JAKARTA – Ulah narapidana korupsi yang kedapatan santai ngopi di kafe memicu sorotan keras dari DPR. Wakil Ketua Komisi XIII DPR RI, Andreas Hugo Pareira, menduga kuat adanya praktik suap yang melibatkan petugas hingga napi bisa leluasa keluar dari rumah tahanan.

Kasus ini mencuat setelah Supriadi, napi korupsi sektor pertambangan, viral nongkrong di kedai kopi bersama petugas Rutan Kelas IIA Kendari, Sulawesi Tenggara. Supriadi diketahui tengah menjalani hukuman lima tahun penjara atas kasus korupsi saat menjabat Kepala KUPP Kolaka.

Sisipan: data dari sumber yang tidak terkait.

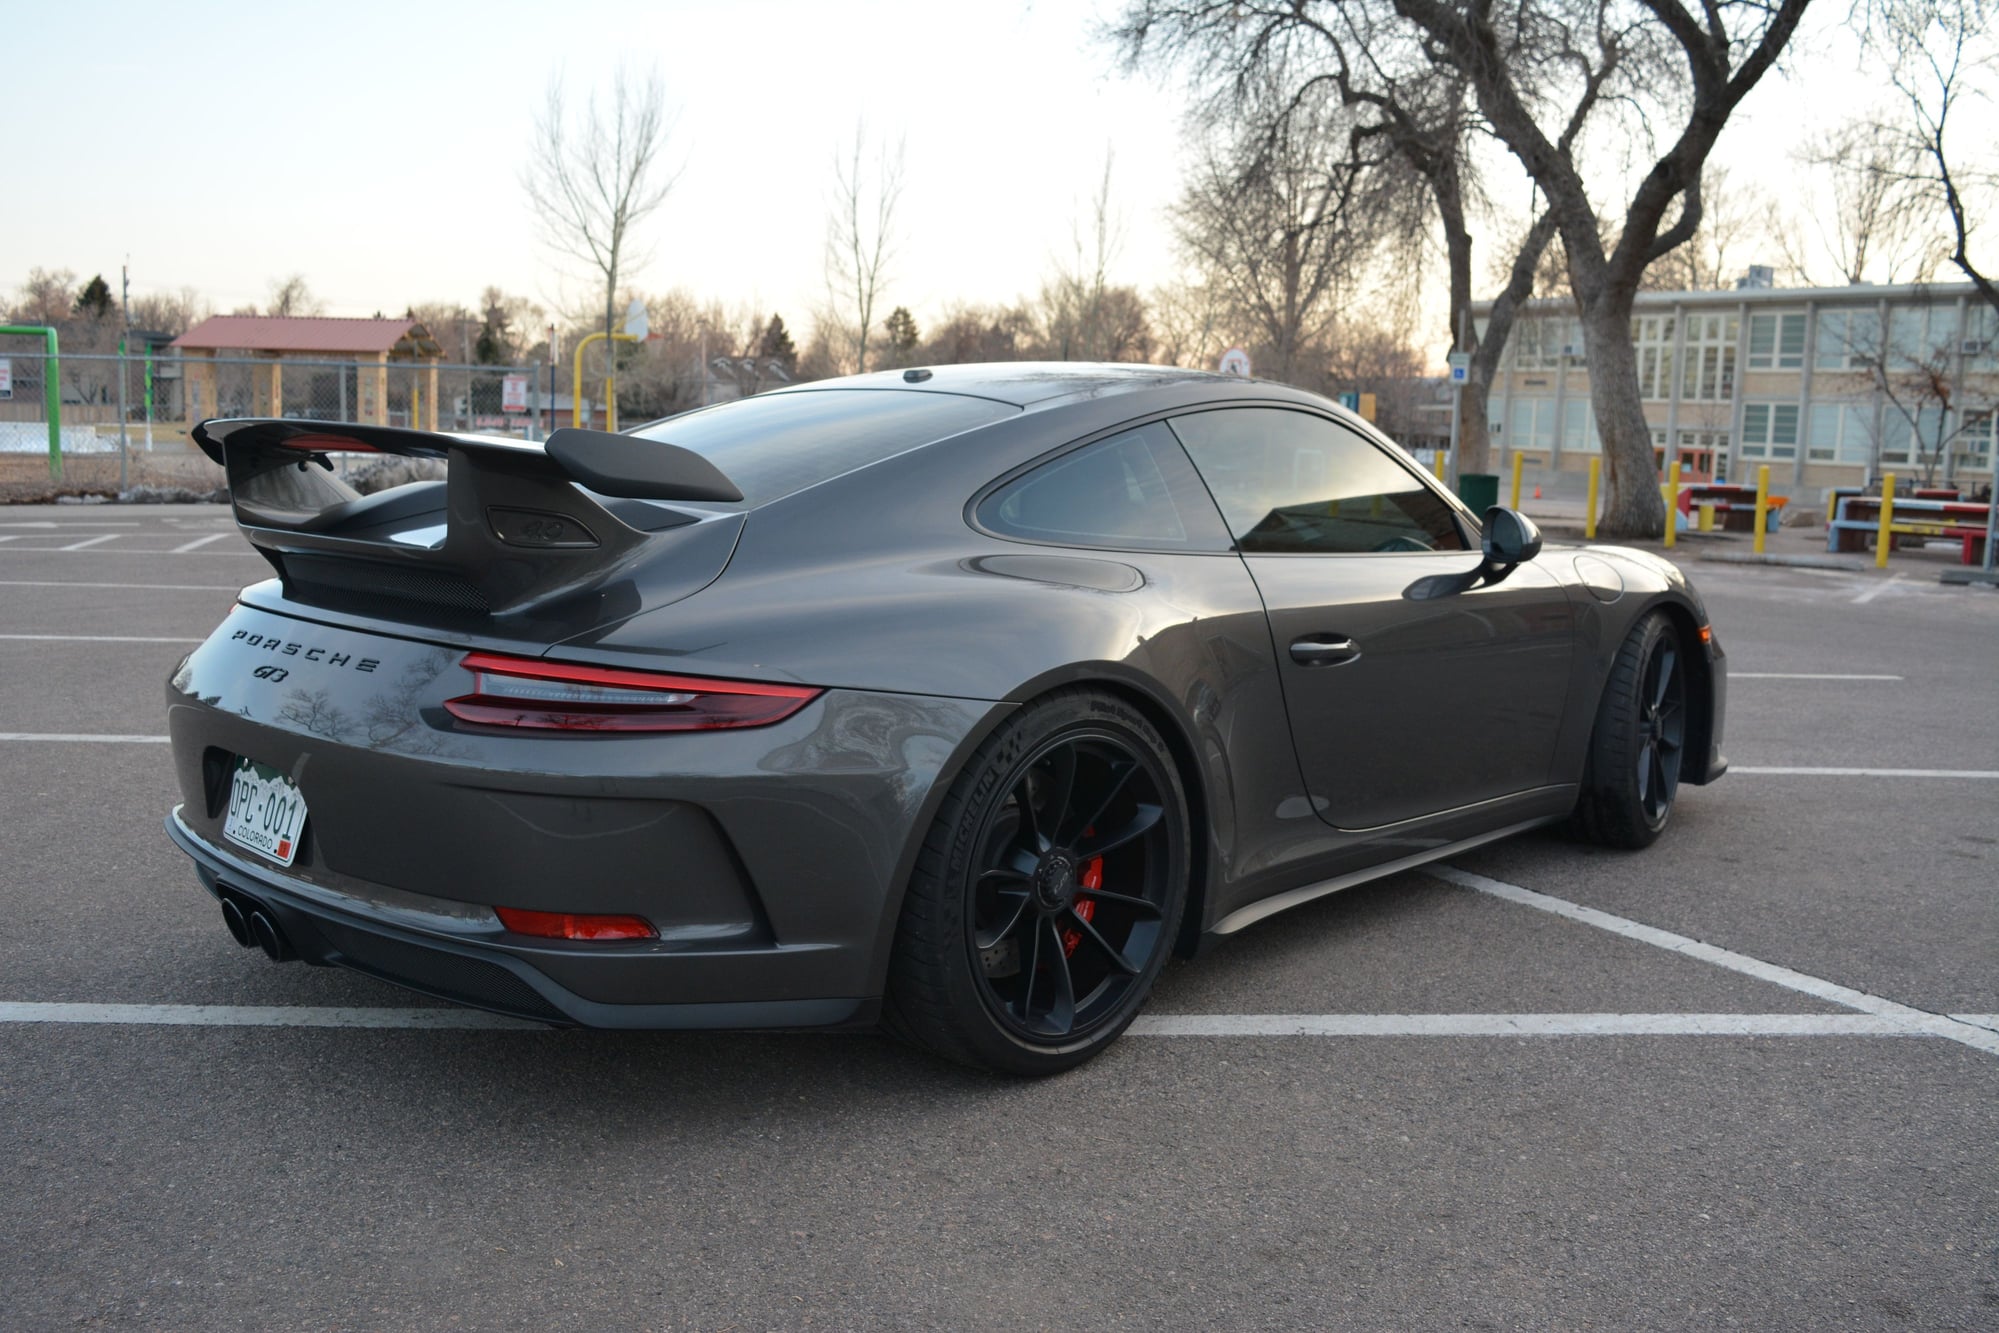 2018 Porsche GT3 - 2018 991.2 GT3 agate gray metallic MT / $152,500 - Used - VIN WP0AC2A93JS175191 - 3,393 Miles - 6 cyl - 2WD - Manual - Coupe - Gray - Denver, CO 80210, United States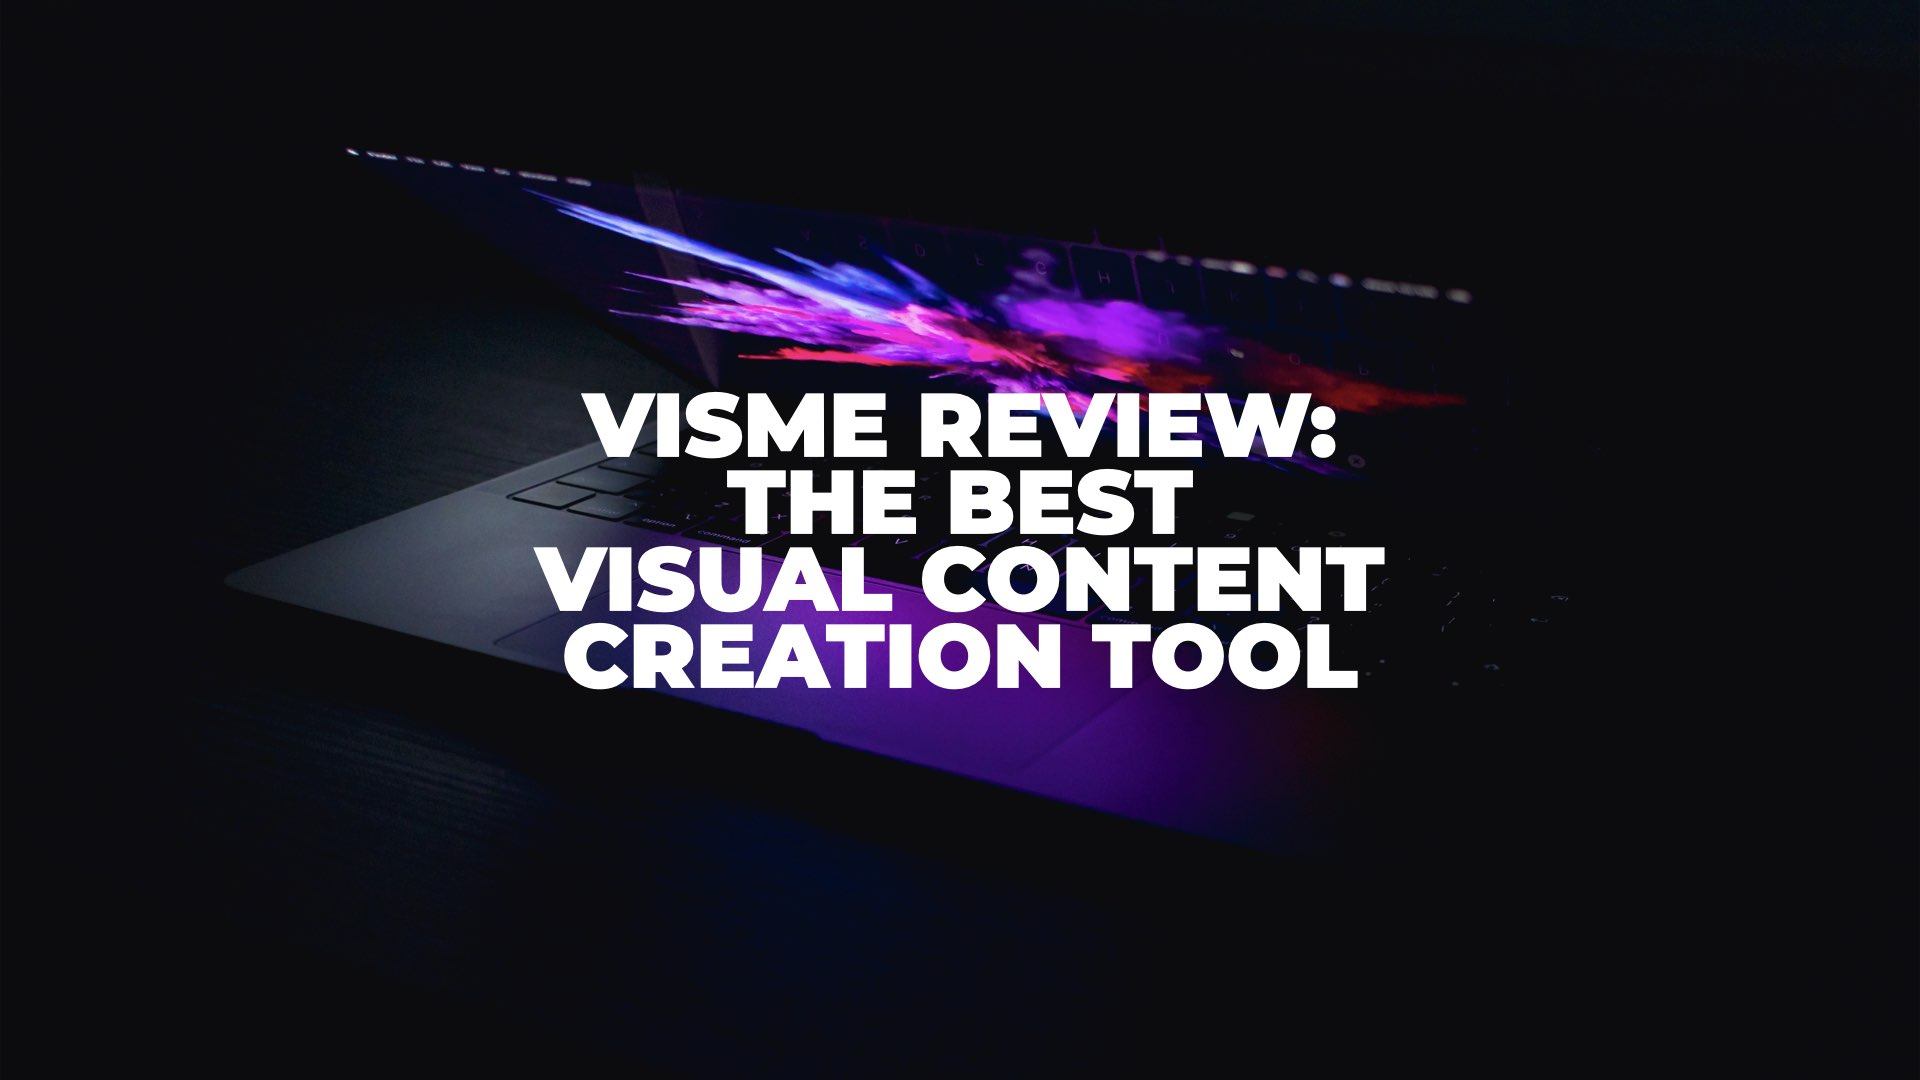 Visme Review - Featured Image

“Mustahil napi bisa berkeliaran di luar tanpa ‘main mata’ dengan petugas. Ini indikasi kuat adanya suap,” tegas Andreas, Jumat (17/4/2026).

Ia menilai, pelanggaran ini bukan sekadar kelalaian individu, melainkan potret bobroknya pengawasan di dalam sistem pemasyarakatan. Bahkan, Andreas mendesak agar tanggung jawab tidak berhenti di petugas lapangan, tetapi juga menyasar pimpinan rutan.

“Kalapas harus bertanggung jawab. Semua yang terlibat wajib diberi sanksi tegas. Ditjenpas harus bongkar tuntas kasus ini ke publik,” ujarnya.

Pihak Rutan Kendari sendiri telah mengakui adanya pelanggaran SOP oleh petugas berinisial Y. Petugas tersebut seharusnya mengawal Supriadi usai sidang peninjauan kembali (PK), namun justru memberi izin singgah ke kafe.

Bagi Andreas, insiden ini mempertegas adanya celah “privilege” bagi napi korupsi yang kerap berulang. Ia menilai, tanpa pembenahan sistemik, kasus serupa akan terus terjadi dan merusak kepercayaan publik.

“Ini bukan sekadar pelanggaran prosedur. Ini soal integritas hukuman. Kalau napi bisa bebas ngopi, publik wajar curiga hukum bisa dinegosiasikan,” tandasnya.